▸ DATA FOR THIS TASK:
»»
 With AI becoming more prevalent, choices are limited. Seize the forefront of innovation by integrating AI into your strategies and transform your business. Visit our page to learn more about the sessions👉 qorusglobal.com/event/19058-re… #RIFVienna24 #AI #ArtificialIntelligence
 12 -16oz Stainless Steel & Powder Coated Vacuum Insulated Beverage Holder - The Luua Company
««
»»
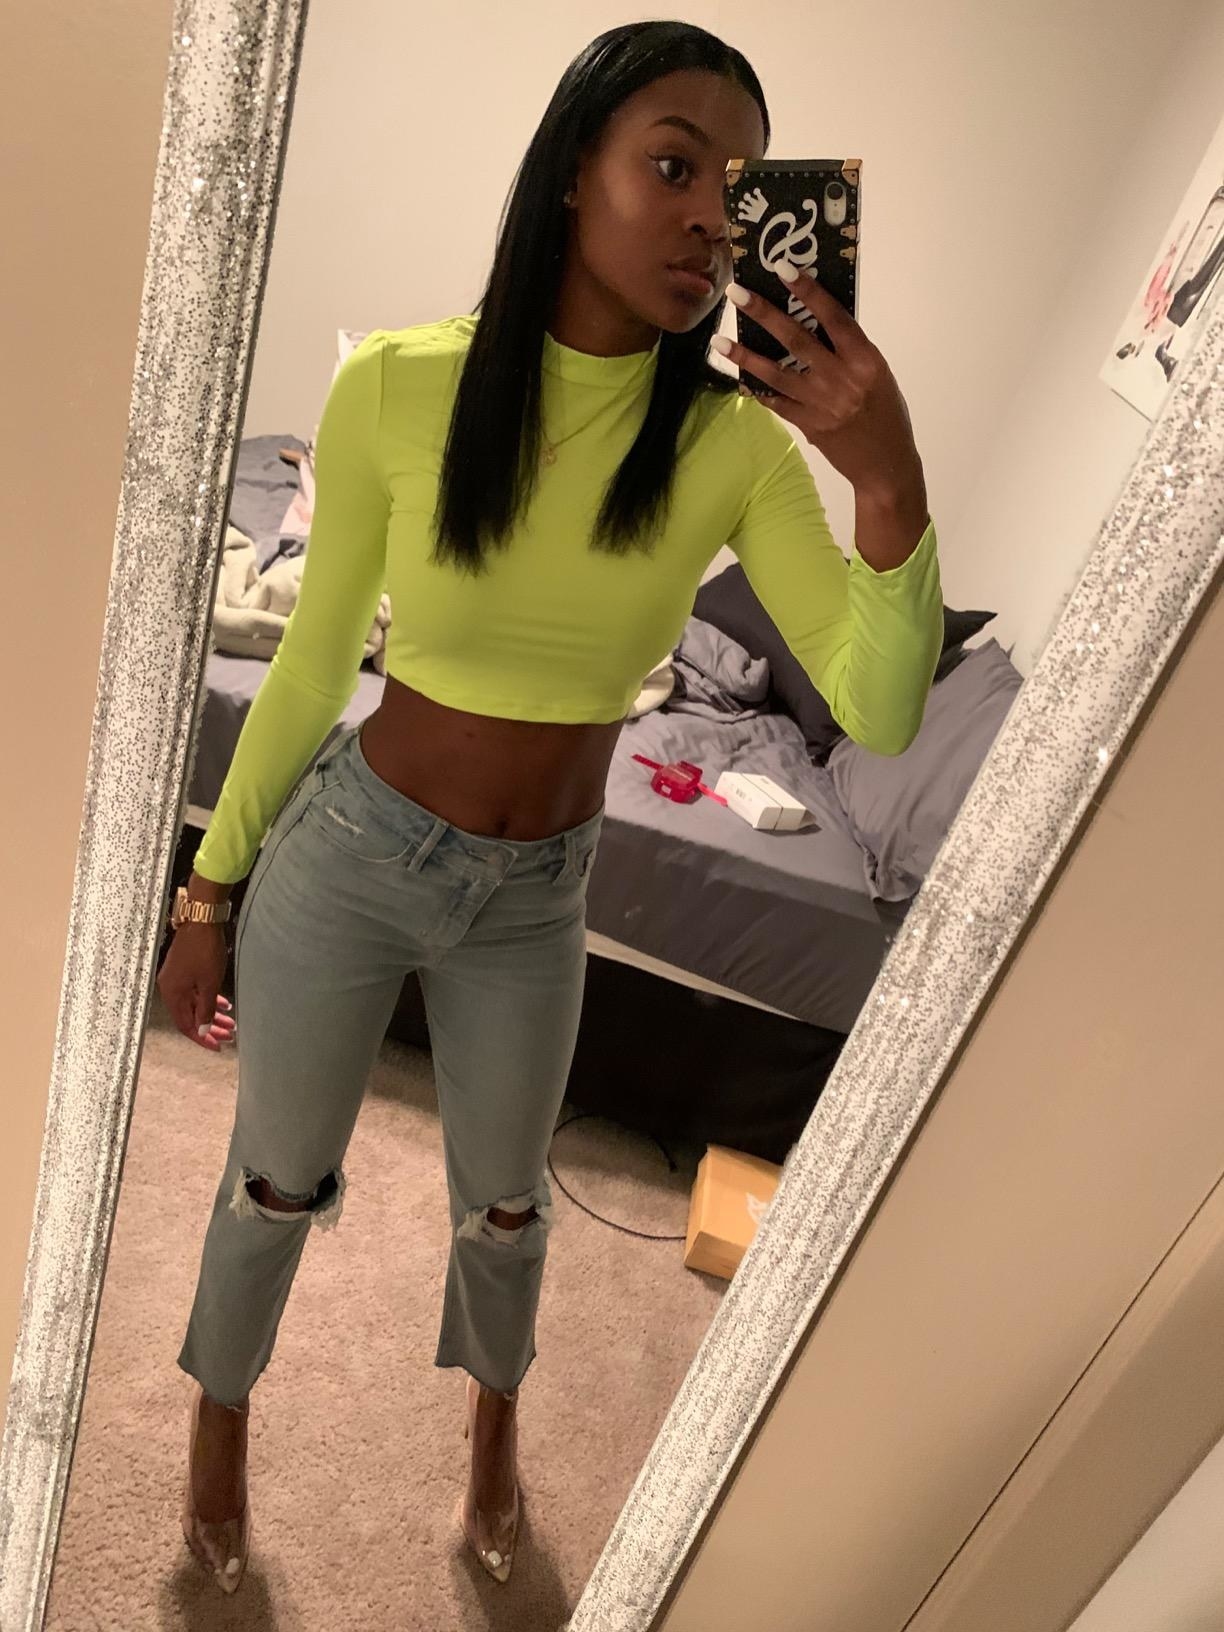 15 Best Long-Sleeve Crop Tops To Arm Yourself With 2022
««
▸ TASK STATEMENT: Given the records above, return exactly the lines starting at the line containing "With AI becoming" and ending at the line containing "12 -16oz Stainless", including both.

▸ RESPONSE FOR THIS EXERCISE:
 With AI becoming more prevalent, choices are limited. Seize the forefront of innovation by integrating AI into your strategies and transform your business. Visit our page to learn more about the sessions👉 qorusglobal.com/event/19058-re… #RIFVienna24 #AI #ArtificialIntelligence
 12 -16oz Stainless Steel & Powder Coated Vacuum Insulated Beverage Holder - The Luua Company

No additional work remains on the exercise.